*** Opening Material provided ***

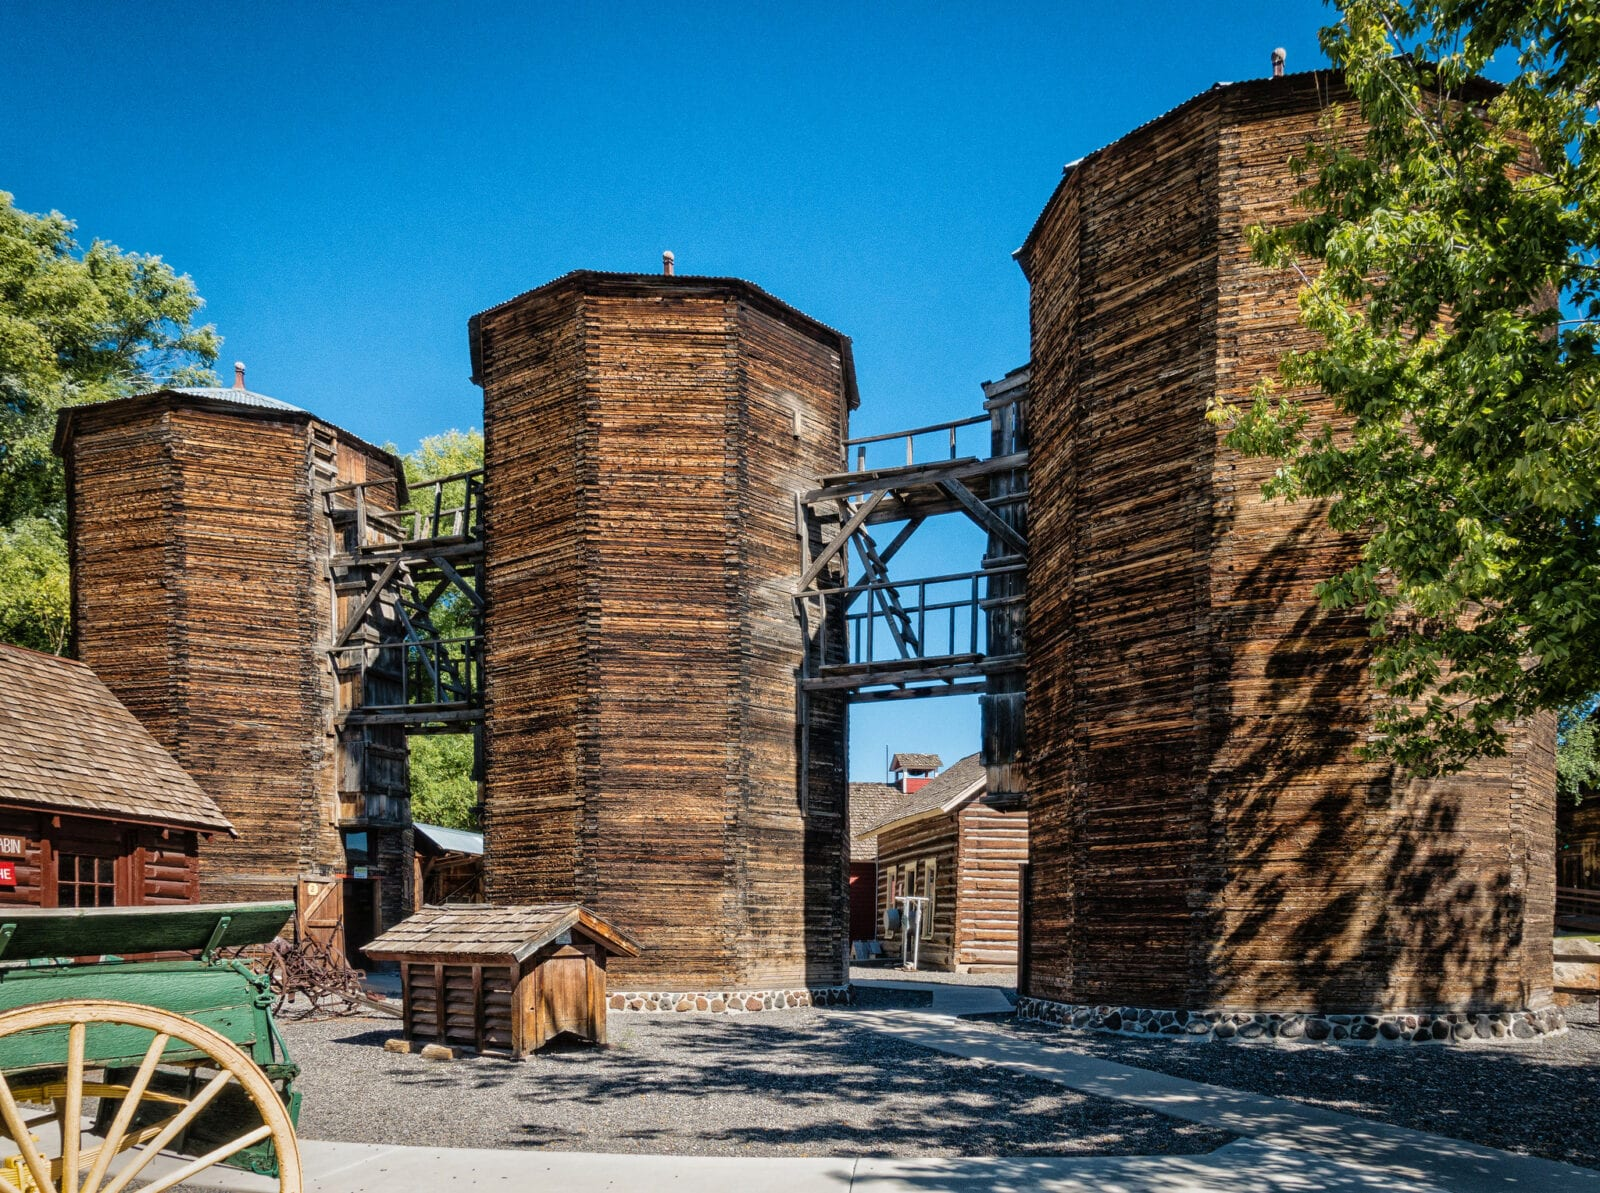 Image of the barn silos at the Pioneer Town Museum in Cedaredge, Colorado
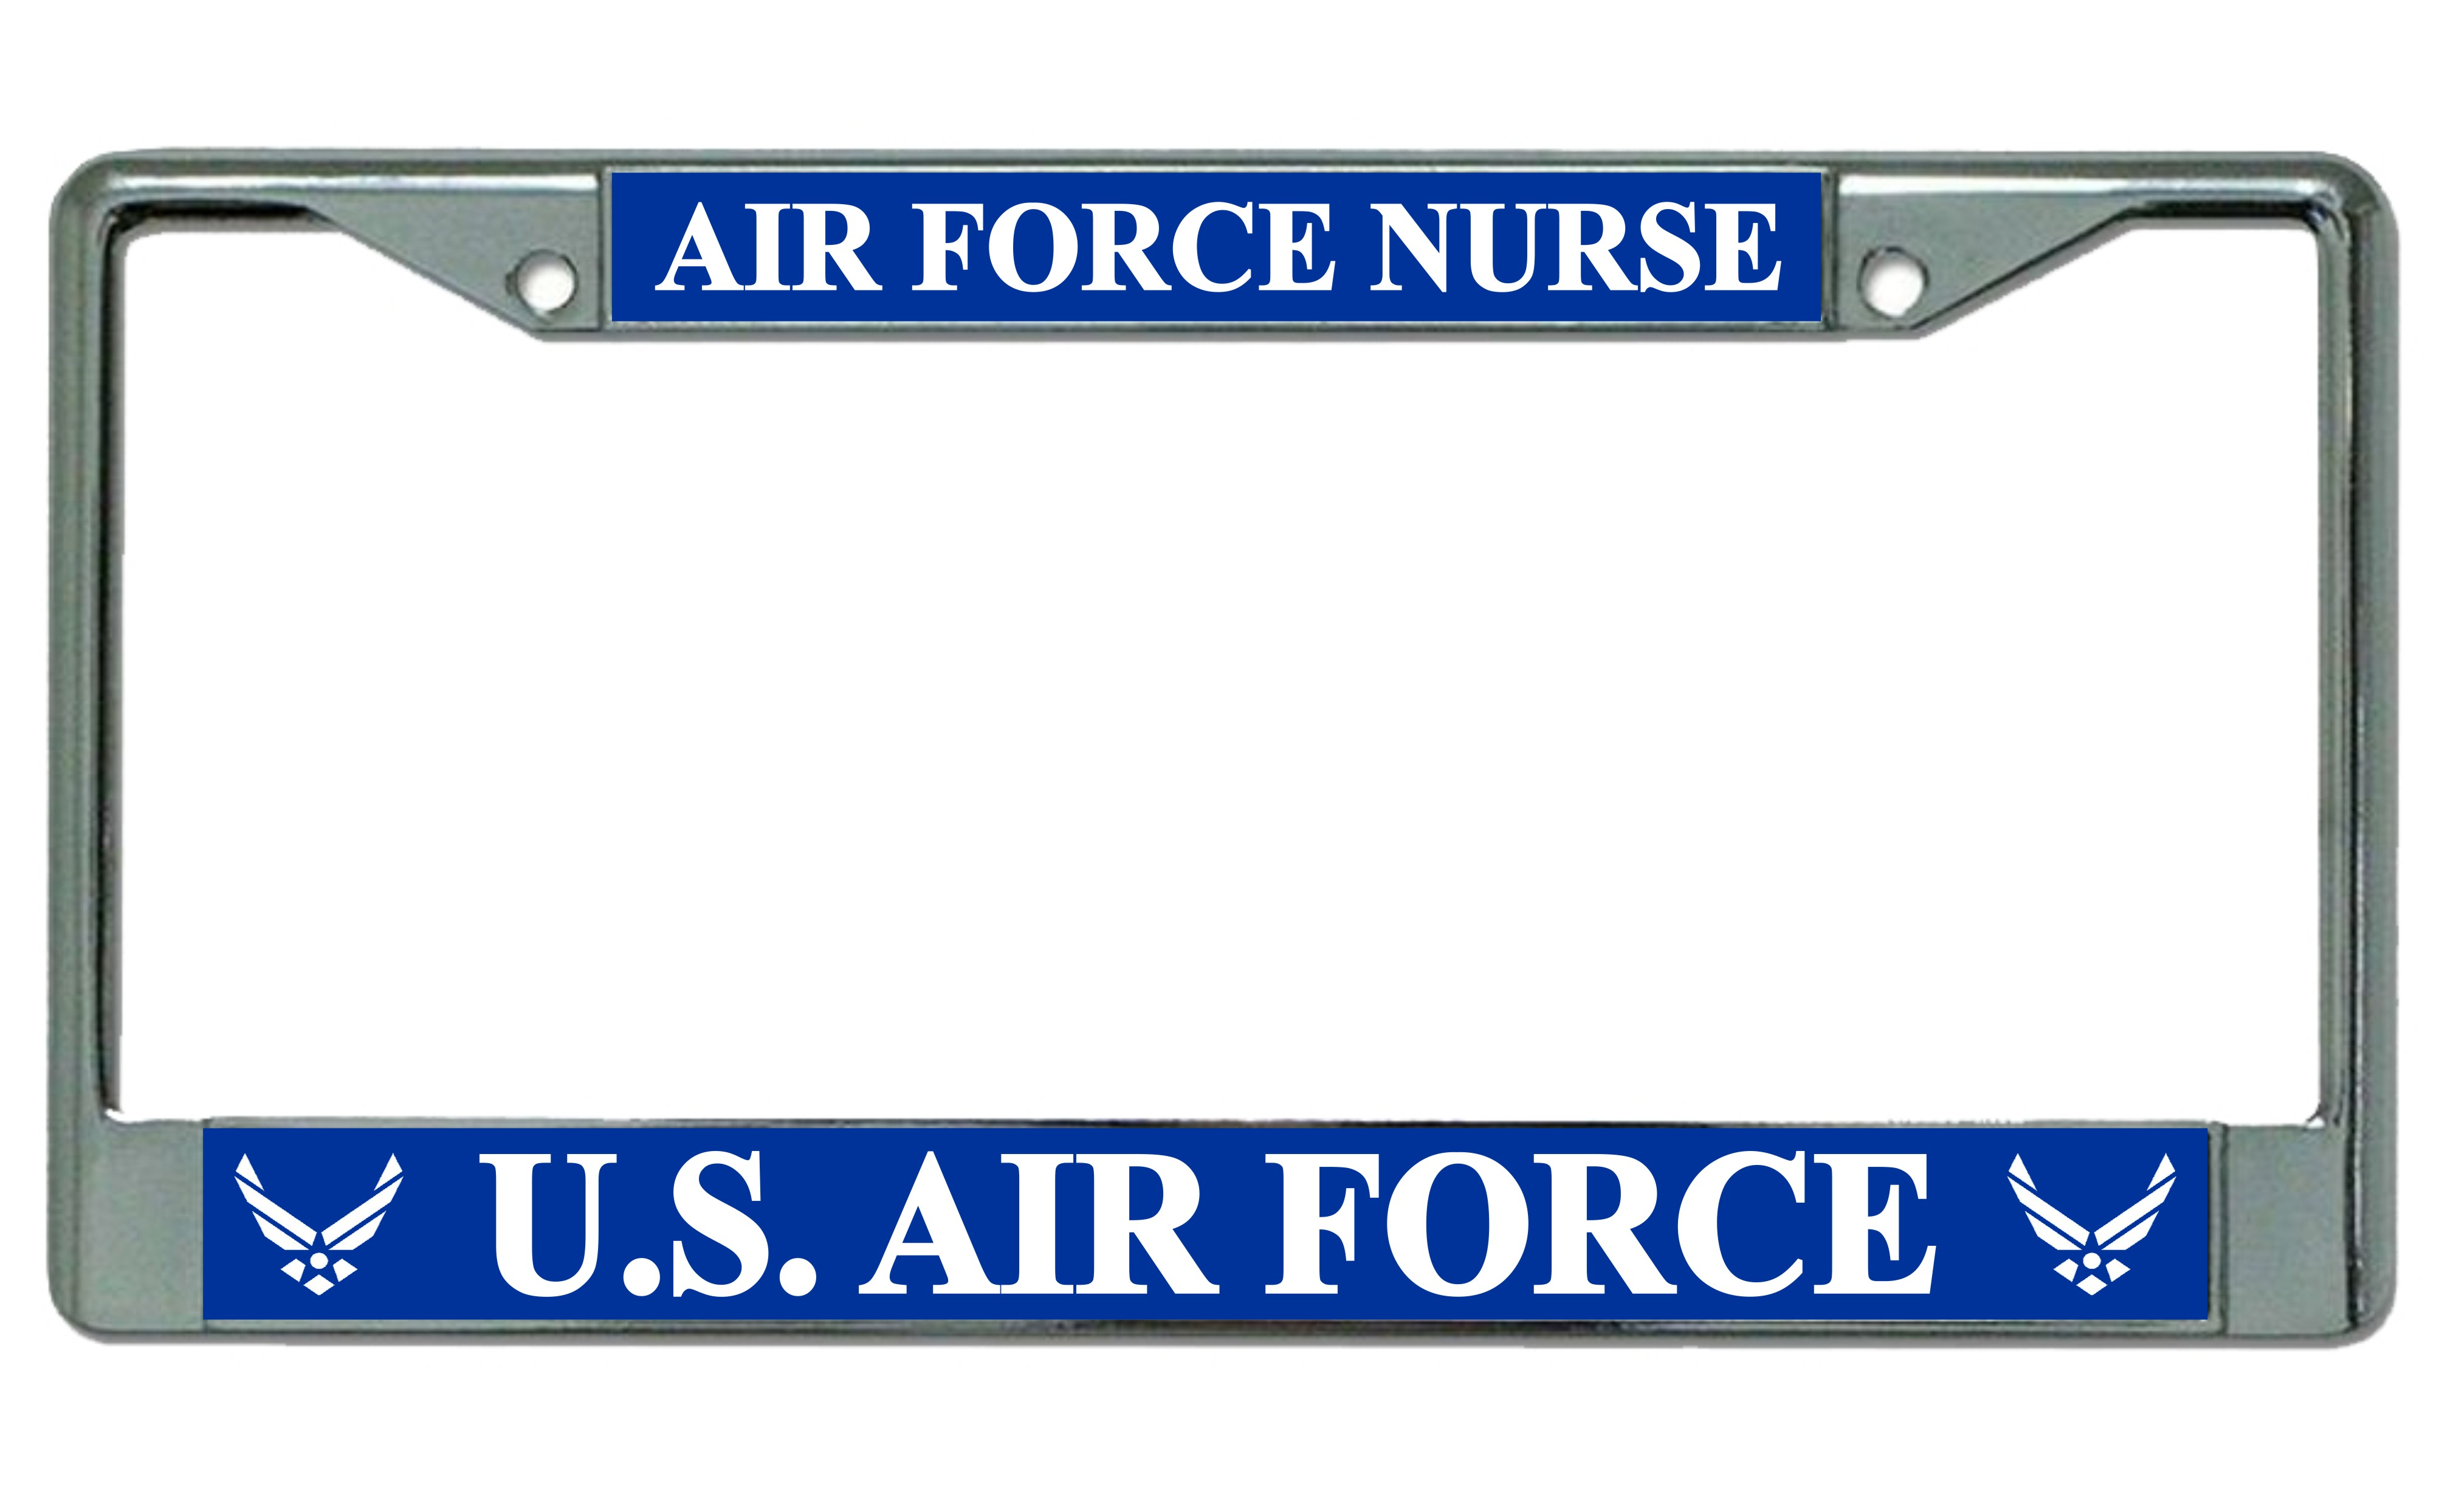 U.S. Air Force Nurse Photo License Plate Frame U.S. Air Force Nurse ...
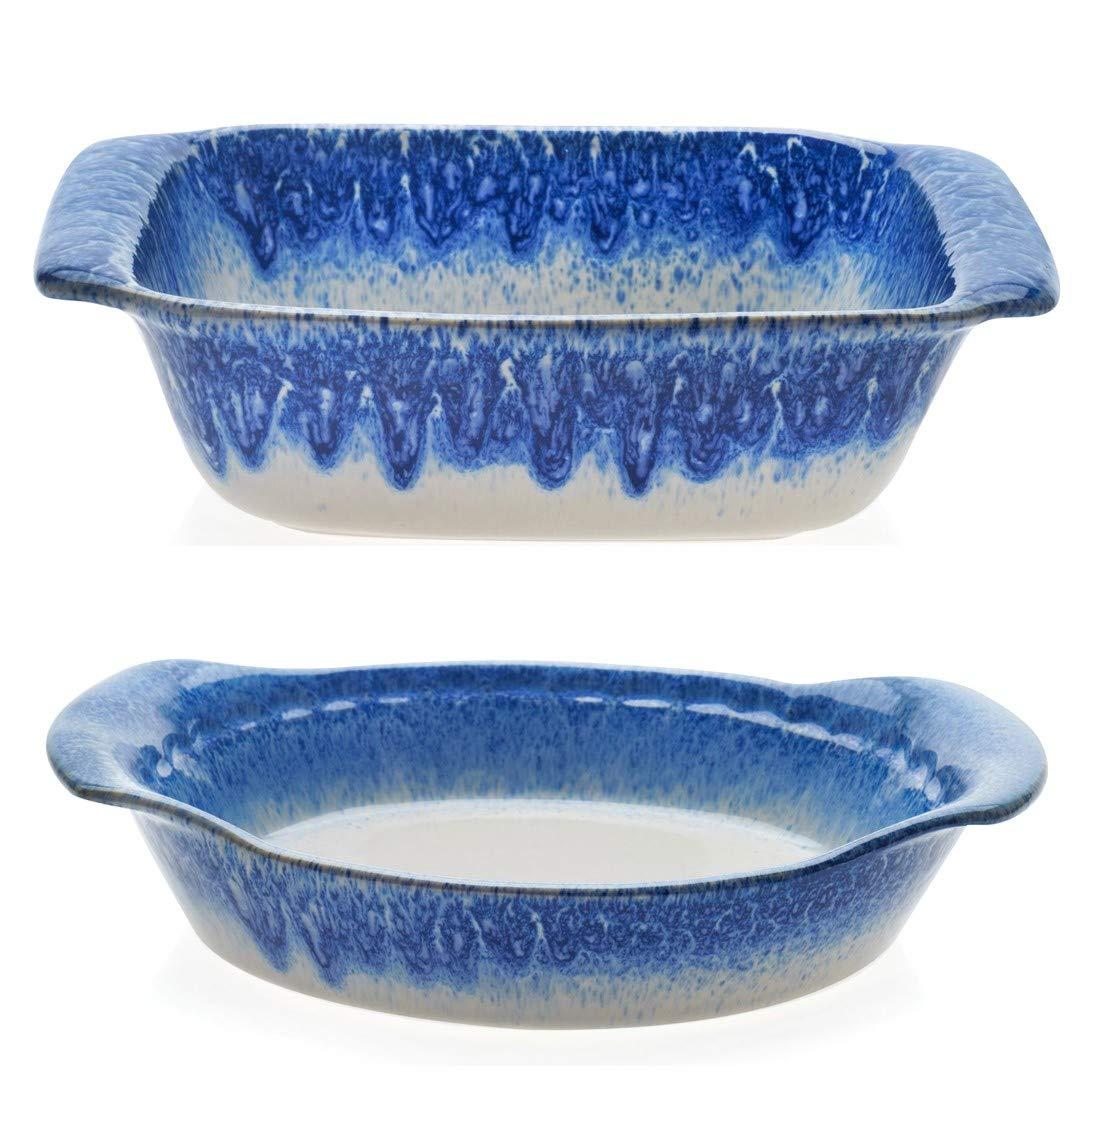 Libbey Artisan Glazed Ceramic Stoneware Square Bake Dish Bundled with Pie Plate Baker Dish, Blue and Cream
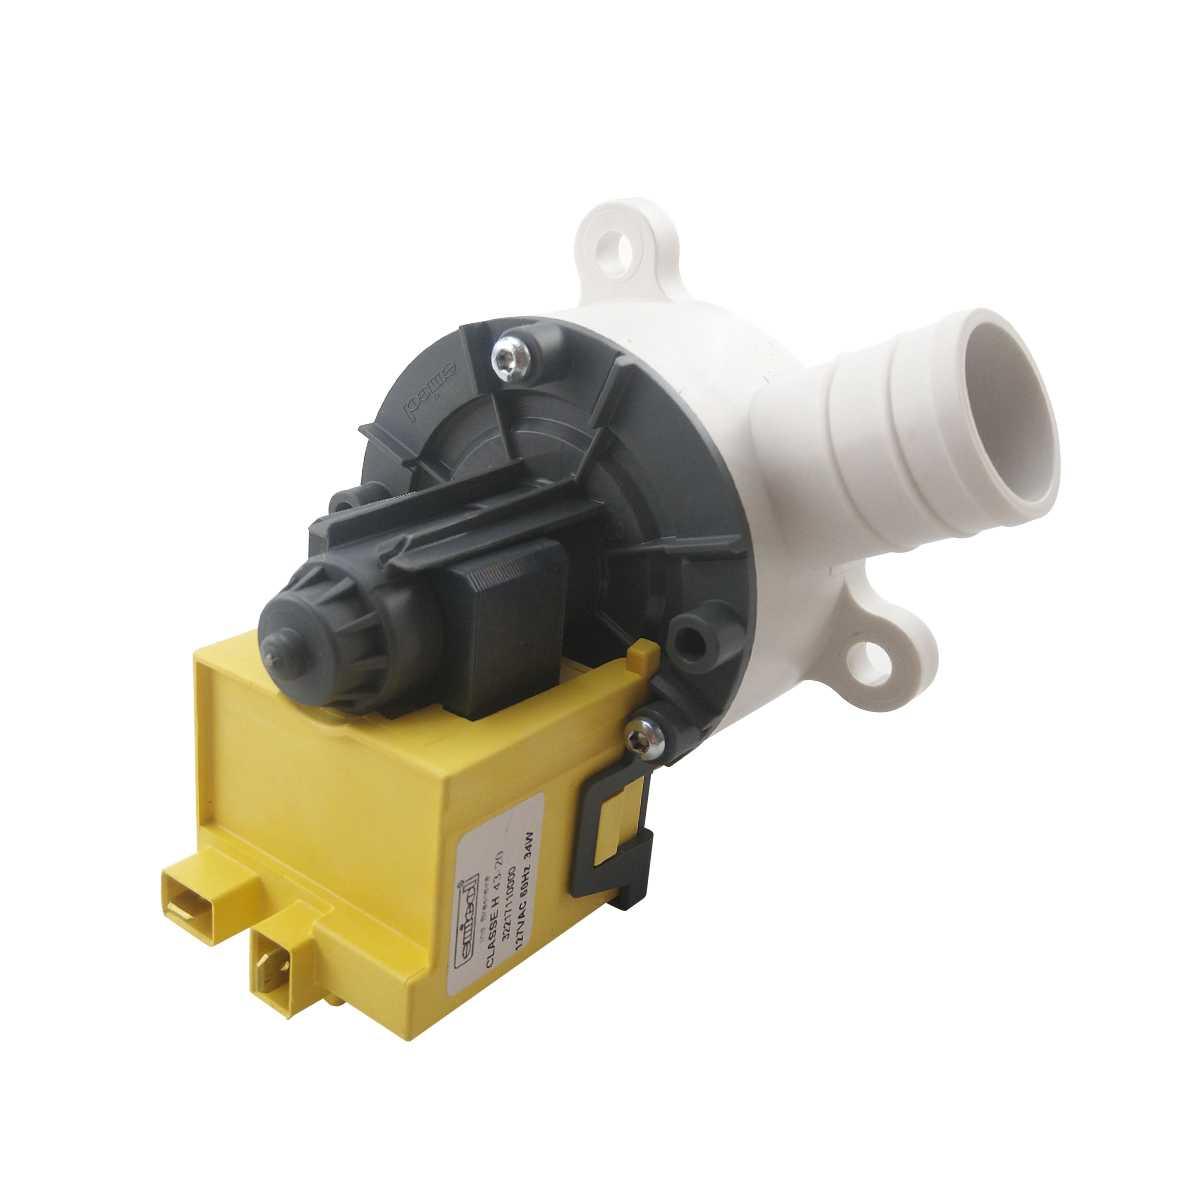 Eletrobomba para Lavadora de Roupas Electrolux LQ11 Lf11

*** Closing Material provided ***

Work order ::
Send back the data above verbatim, leaving out its pictures.

Exercise answer ::
 Image of the barn silos at the Pioneer Town Museum in Cedaredge, Colorado
 U.S. Air Force Nurse Photo License Plate Frame U.S. Air Force Nurse ...
 Libbey Artisan Glazed Ceramic Stoneware Square Bake Dish Bundled with Pie Plate Baker Dish, Blue and Cream
 Eletrobomba para Lavadora de Roupas Electrolux LQ11 Lf11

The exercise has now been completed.